Marina Adami
Five AI experts weigh in: Francesco Marconi, Madhumita Murgia, Charlie Beckett and two startup founders discuss the impact of generative AI on the news industry
Since OpenAI’s AI-powered chatbot ChatGPT was launched back in November, journalists have been discussing its potential impact on the news industry.
How many journalists will be replaced by the rise of generative artificial intelligence? How fast will this process take place? Which journalists will be most vulnerable to this kind of disruption? And should we see ChatGPT as a challenge or as an opportunity to solve some of the problems the news industry faces?
As all of these questions and more are hotly debated, I spoke to three experts and two startup founders to gain a clearer idea of how generative AI and large language models are likely to affect journalism in the short and the medium term.
______
Francesco Marconi is a computational journalist and co-founder of the real-time information company AppliedXL. Previously, he was R&D Chief at The Wall Street Journal and AI and news automation co-lead at the Associated Press. Marconi is the author of “Newsmakers: Artificial Intelligence and the Future of Journalism”, a book on AI and journalism published in 2020.
Madhumita Murgia is the newly appointed AI editor at the Financial Times, a new position at the paper. Before this, she worked as a European technology correspondent at the FT.
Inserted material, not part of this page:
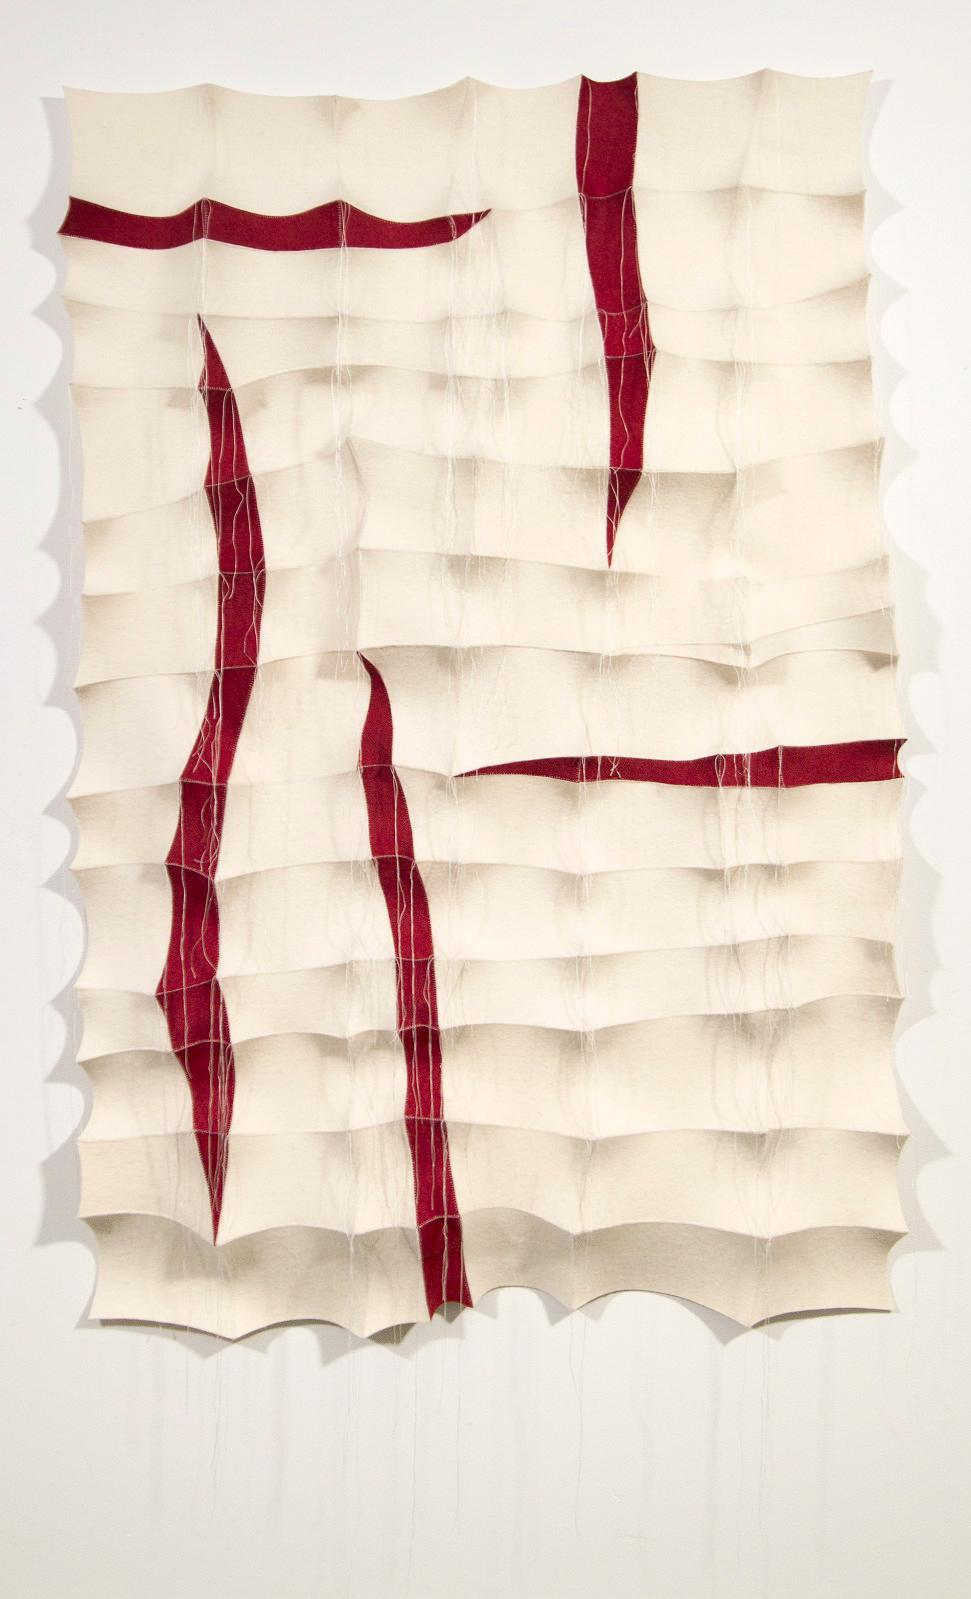 Chung-Im Kim Abstract Sculpture - Tumsae 7 - red, white, pattern, wall hanging, 3D, felt, textile, tapestry
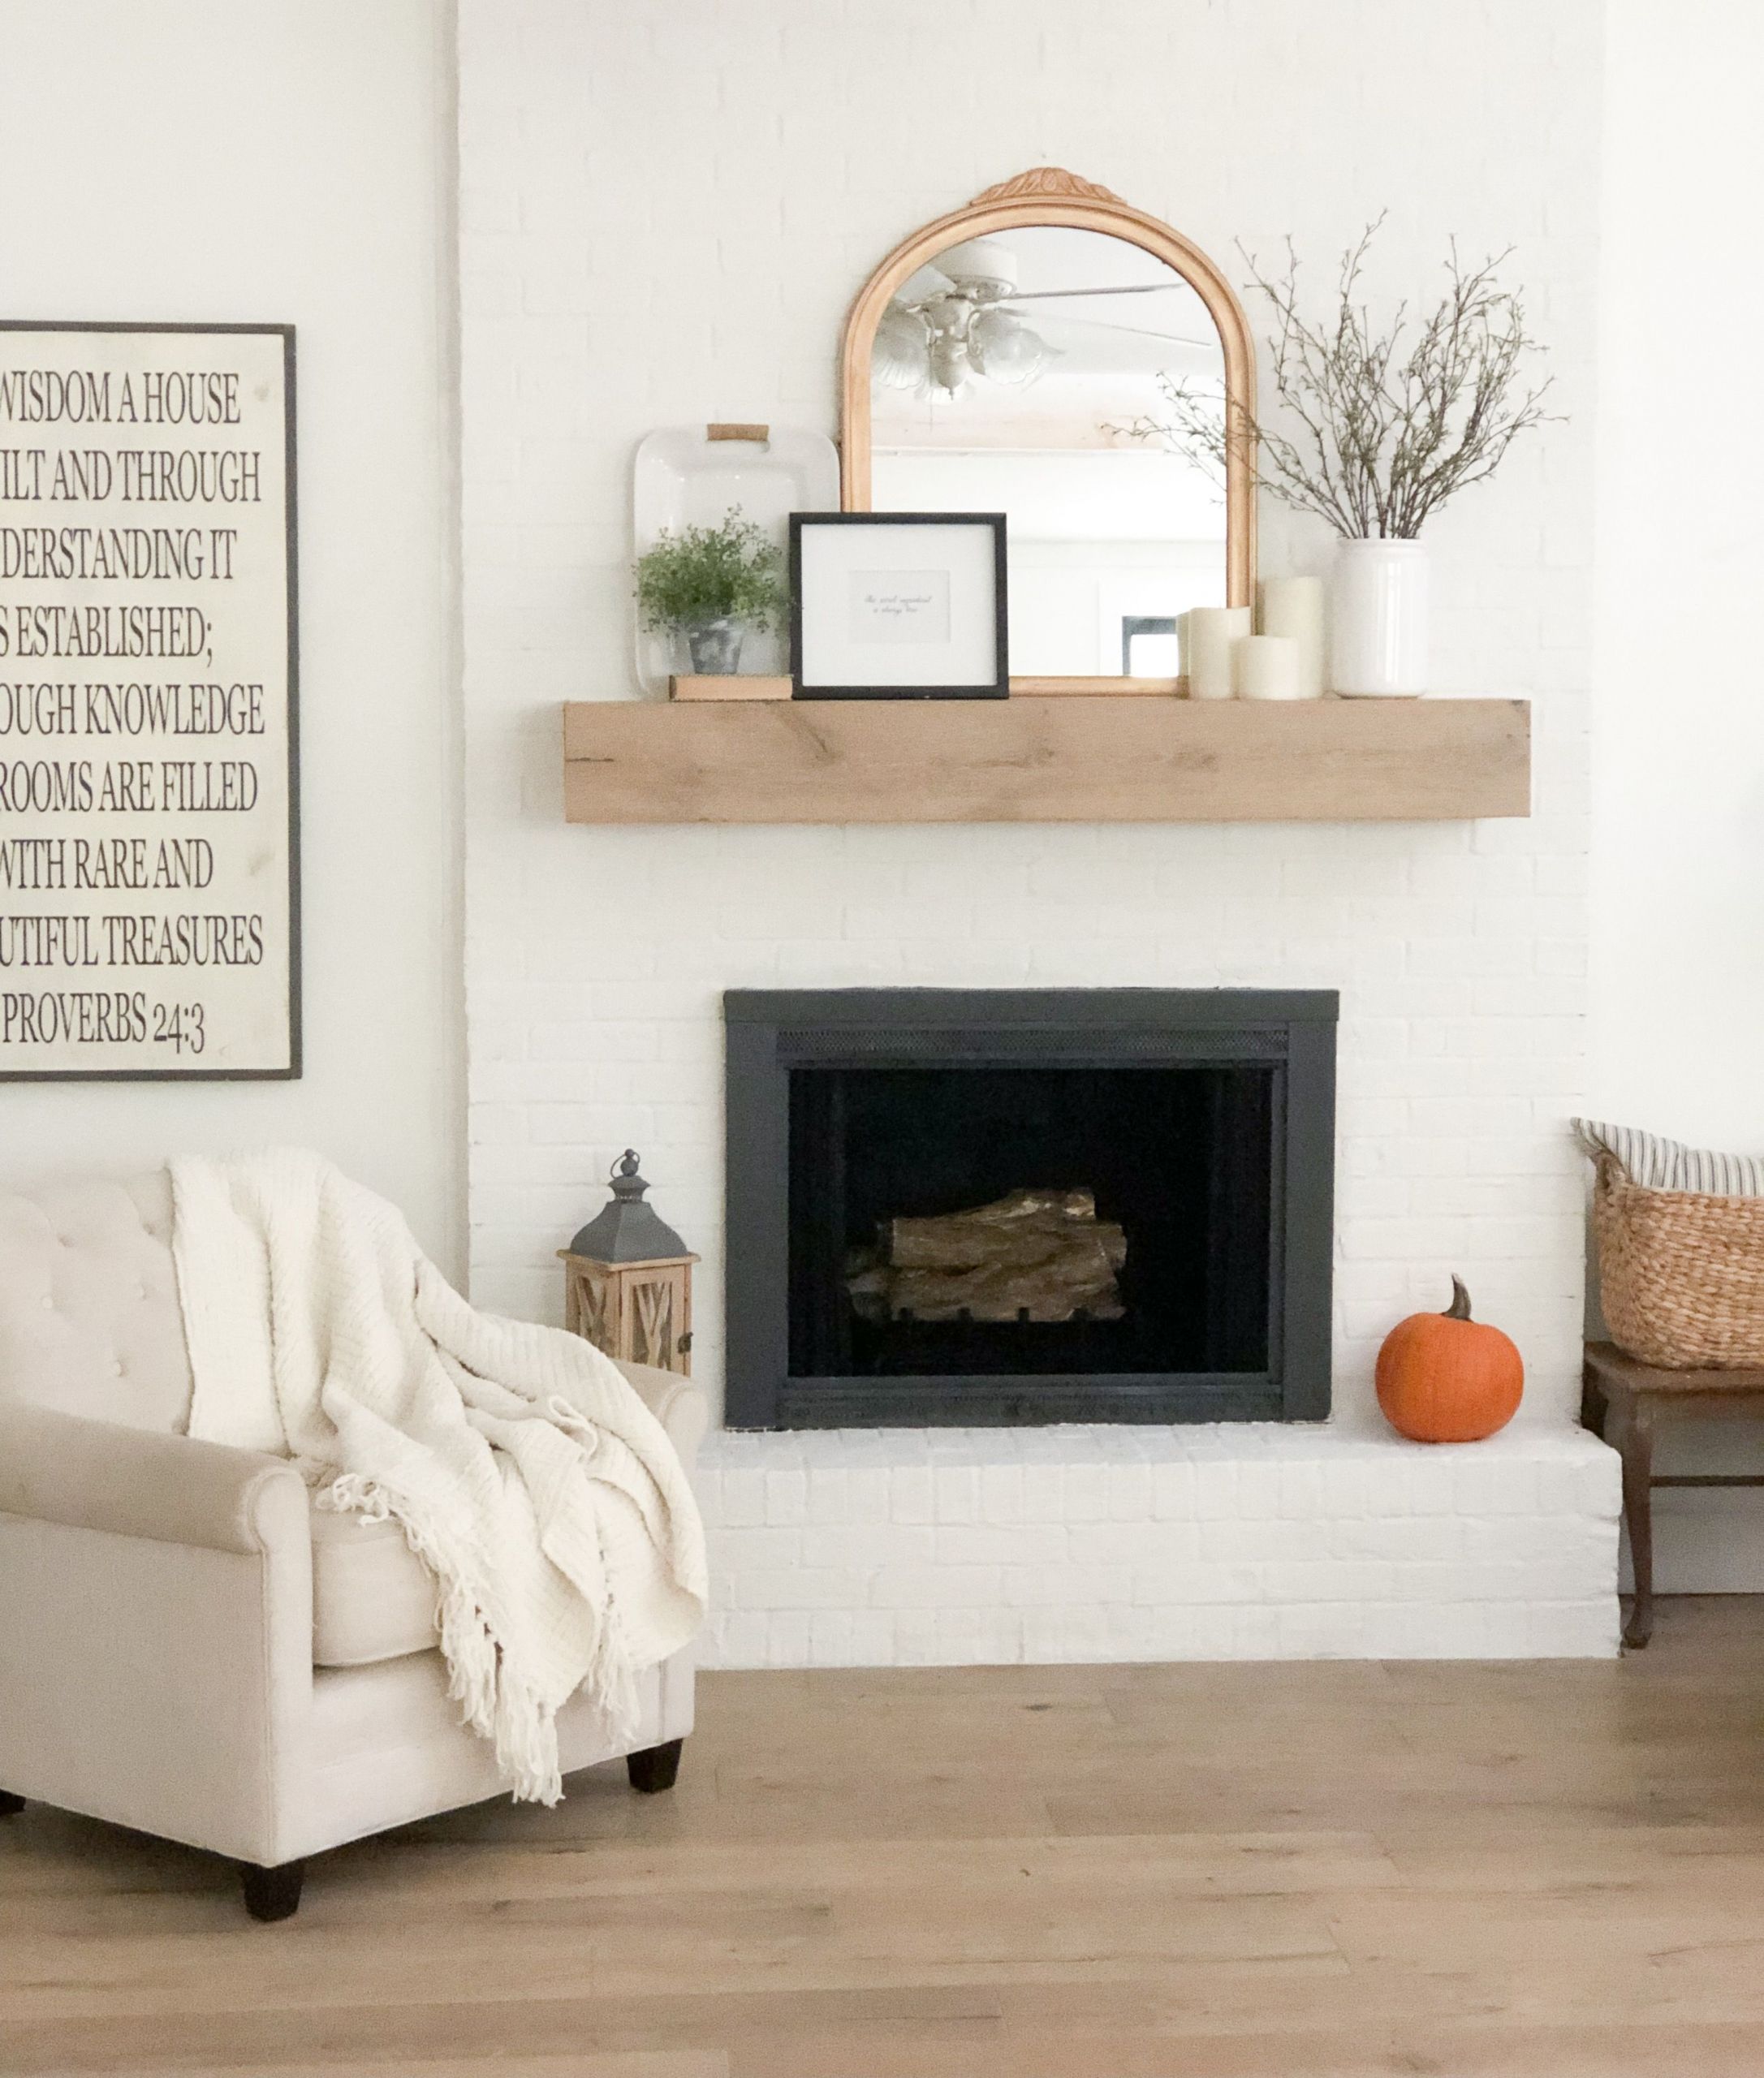 Diy Fireplace Surround Ideas Fresh Diy Mirror Makeover for Our Fireplace Mantel

Professor Charlie Beckett is the Head of JournalismAI, a project by the London School of Economics (LSE)’s journalism think tank, Polis. As well as conducting research and publishing a report on journalism and AI, the initiative runs a fellowship programme for journalists and technologists, a training programme aimed at small newsrooms, and curates examples of AI applications in journalism for others to learn from.
______
Many outlets are already using AI to a limited extent to assist their operations. Others are imagining whole new models based on the technology. Among the latter group are Jenny Romano and Pedro Henriques, co-founders of The Newsroom, an app that offers its readers a daily brief with AI-generated summaries of the main news stories: the key facts, the context, and the main takes.
Not entirely new
The use of AI to support and produce pieces of journalism is something outlets have been experimenting with for some time. Francesco Marconi categorises AI innovation in the past decade into three waves: automation, augmentation and generation.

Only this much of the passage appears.